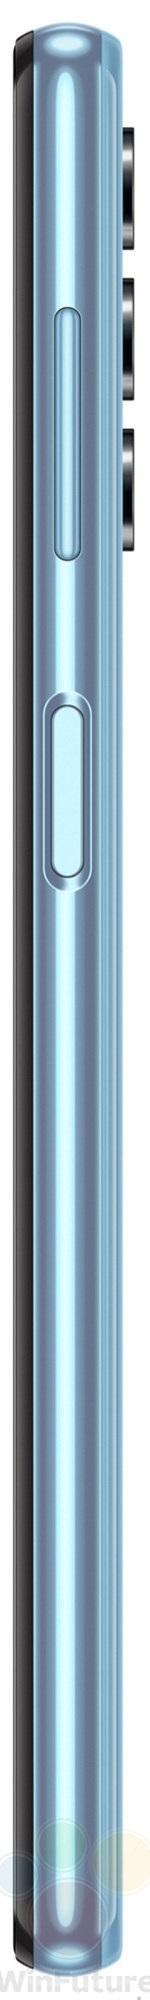 Samsung Galaxy A32: самый доступный смартфон от Samsung с 5G. Фото Samsung  - galaxy_a32_samyj_dostupnyj_samsung_s_5g_bez_bloka_pod_kameru_na_foto_8
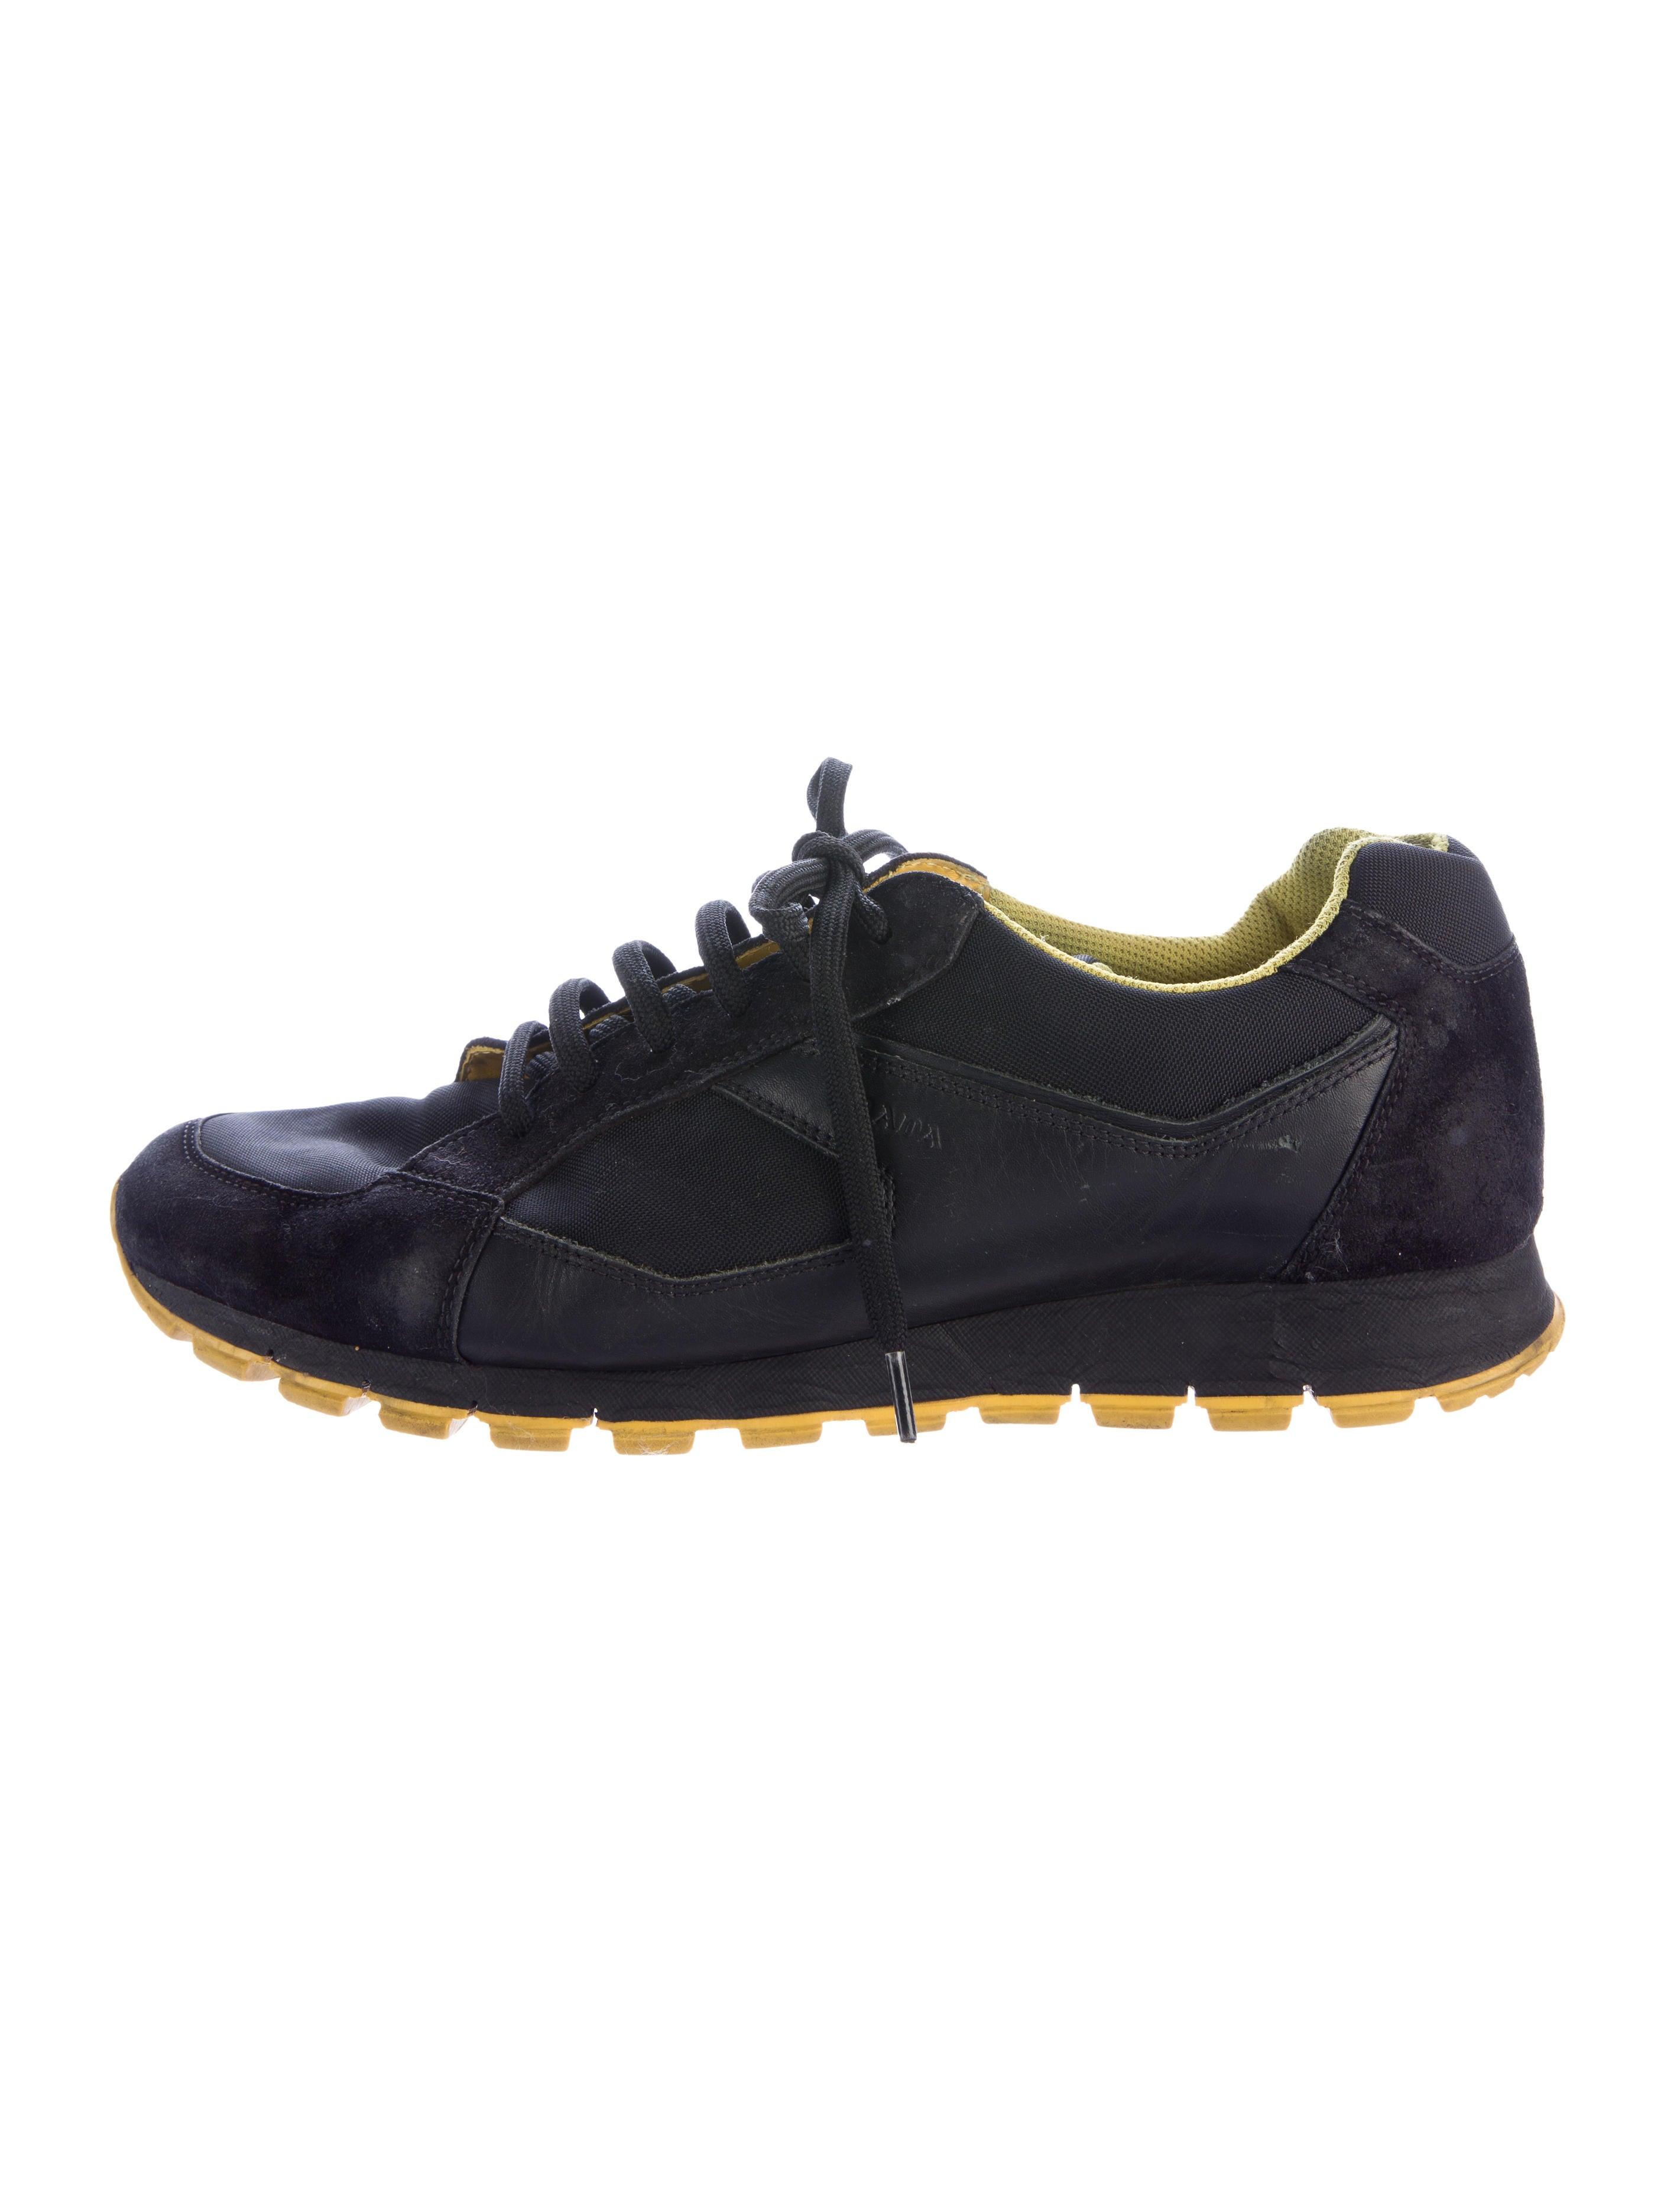 prada sport leather low top sneakers shoes wpr40539
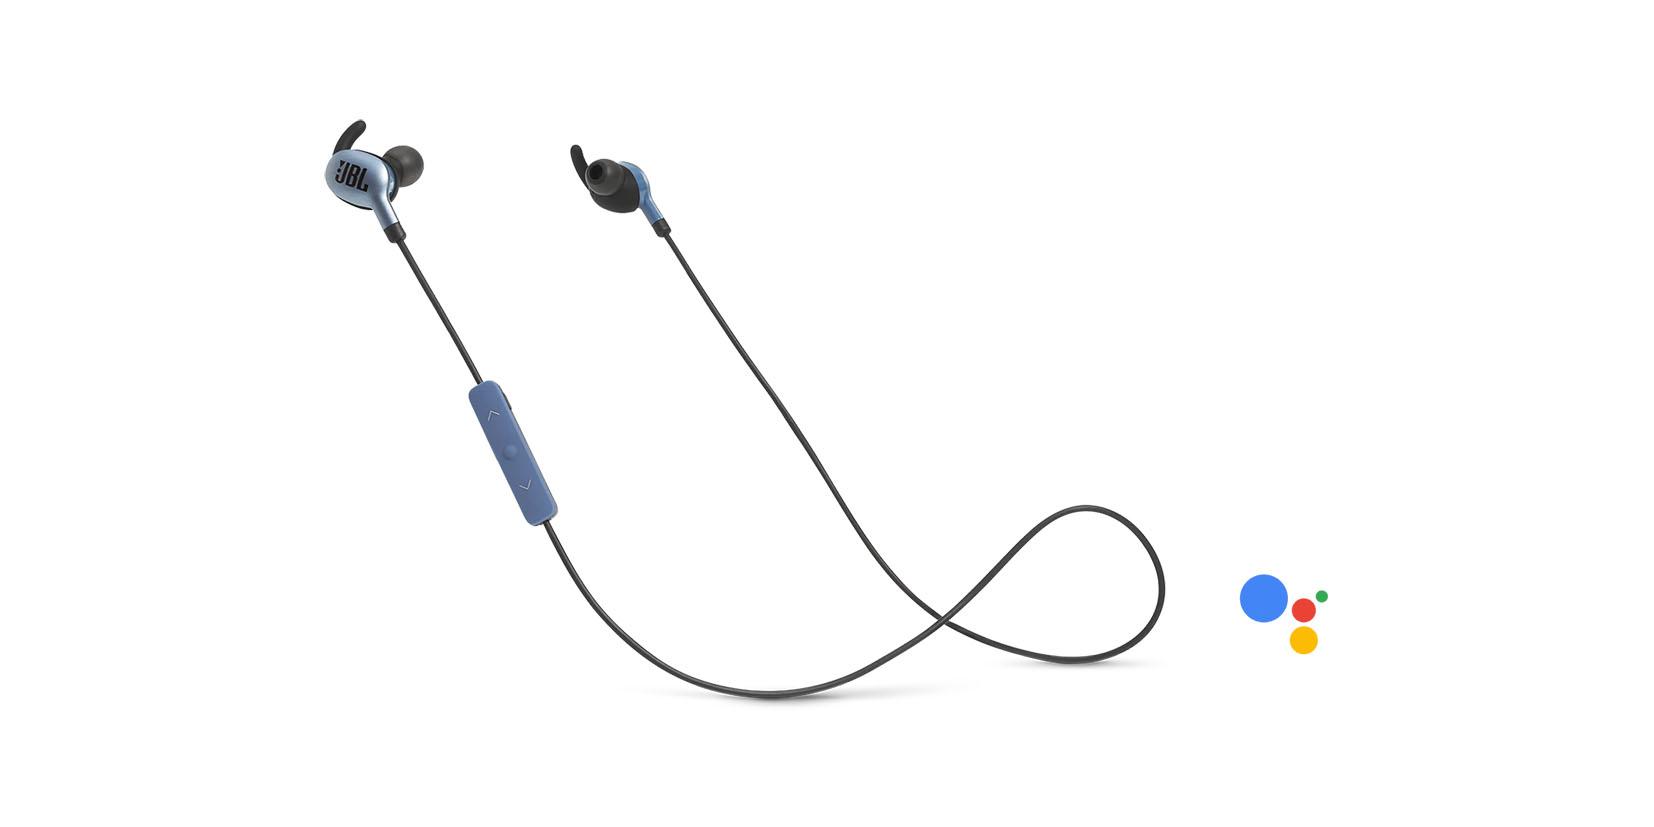 Sony wireless headphones around neck - sony headphones earbuds wireless

^^^^

What is required
Output the complete listing exactly. Pictures stay out.

Answer to this problem
 Samsung Galaxy A32: самый доступный смартфон от Samsung с 5G. Фото Samsung  - galaxy_a32_samyj_dostupnyj_samsung_s_5g_bez_bloka_pod_kameru_na_foto_8
 prada sport leather low top sneakers shoes wpr40539
 Sony wireless headphones around neck - sony headphones earbuds wireless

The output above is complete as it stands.